Find "District DT6210 Very" in the material below and restate exactly the line holding it together with every line that comes after.

********************

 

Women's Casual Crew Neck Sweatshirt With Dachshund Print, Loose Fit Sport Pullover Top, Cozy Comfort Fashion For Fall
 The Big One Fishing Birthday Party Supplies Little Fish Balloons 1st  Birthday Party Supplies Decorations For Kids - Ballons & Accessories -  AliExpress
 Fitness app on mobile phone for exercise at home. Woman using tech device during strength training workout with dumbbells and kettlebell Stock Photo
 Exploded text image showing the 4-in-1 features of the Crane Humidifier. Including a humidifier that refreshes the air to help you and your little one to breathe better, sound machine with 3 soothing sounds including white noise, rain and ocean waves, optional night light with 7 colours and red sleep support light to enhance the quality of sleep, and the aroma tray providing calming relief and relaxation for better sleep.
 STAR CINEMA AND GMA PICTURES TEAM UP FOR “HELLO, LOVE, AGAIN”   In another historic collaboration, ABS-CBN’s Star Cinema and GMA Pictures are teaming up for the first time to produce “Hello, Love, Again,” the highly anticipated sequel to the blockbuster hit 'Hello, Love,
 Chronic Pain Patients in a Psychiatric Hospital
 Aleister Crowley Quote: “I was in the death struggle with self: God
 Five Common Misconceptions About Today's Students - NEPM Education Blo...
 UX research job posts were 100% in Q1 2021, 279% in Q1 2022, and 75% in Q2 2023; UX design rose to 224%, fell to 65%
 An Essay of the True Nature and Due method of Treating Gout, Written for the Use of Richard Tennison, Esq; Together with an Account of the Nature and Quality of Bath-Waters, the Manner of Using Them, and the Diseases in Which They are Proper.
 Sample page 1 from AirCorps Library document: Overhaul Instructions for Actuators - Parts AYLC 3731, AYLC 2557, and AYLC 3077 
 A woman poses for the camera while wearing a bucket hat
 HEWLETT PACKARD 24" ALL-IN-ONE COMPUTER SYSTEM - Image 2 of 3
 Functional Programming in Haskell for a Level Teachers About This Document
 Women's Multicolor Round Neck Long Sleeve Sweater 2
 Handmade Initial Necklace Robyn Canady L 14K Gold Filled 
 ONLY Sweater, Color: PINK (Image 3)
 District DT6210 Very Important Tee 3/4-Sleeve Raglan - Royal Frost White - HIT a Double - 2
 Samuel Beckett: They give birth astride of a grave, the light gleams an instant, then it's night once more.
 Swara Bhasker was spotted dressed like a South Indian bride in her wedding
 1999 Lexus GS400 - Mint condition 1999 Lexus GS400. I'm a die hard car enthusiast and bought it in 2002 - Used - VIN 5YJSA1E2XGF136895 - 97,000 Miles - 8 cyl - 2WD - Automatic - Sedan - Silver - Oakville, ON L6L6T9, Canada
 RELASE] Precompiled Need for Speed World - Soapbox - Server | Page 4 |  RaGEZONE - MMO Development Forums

********************

→ Finished exercise
 District DT6210 Very Important Tee 3/4-Sleeve Raglan - Royal Frost White - HIT a Double - 2
 Samuel Beckett: They give birth astride of a grave, the light gleams an instant, then it's night once more.
 Swara Bhasker was spotted dressed like a South Indian bride in her wedding
 1999 Lexus GS400 - Mint condition 1999 Lexus GS400. I'm a die hard car enthusiast and bought it in 2002 - Used - VIN 5YJSA1E2XGF136895 - 97,000 Miles - 8 cyl - 2WD - Automatic - Sedan - Silver - Oakville, ON L6L6T9, Canada
 RELASE] Precompiled Need for Speed World - Soapbox - Server | Page 4 |  RaGEZONE - MMO Development Forums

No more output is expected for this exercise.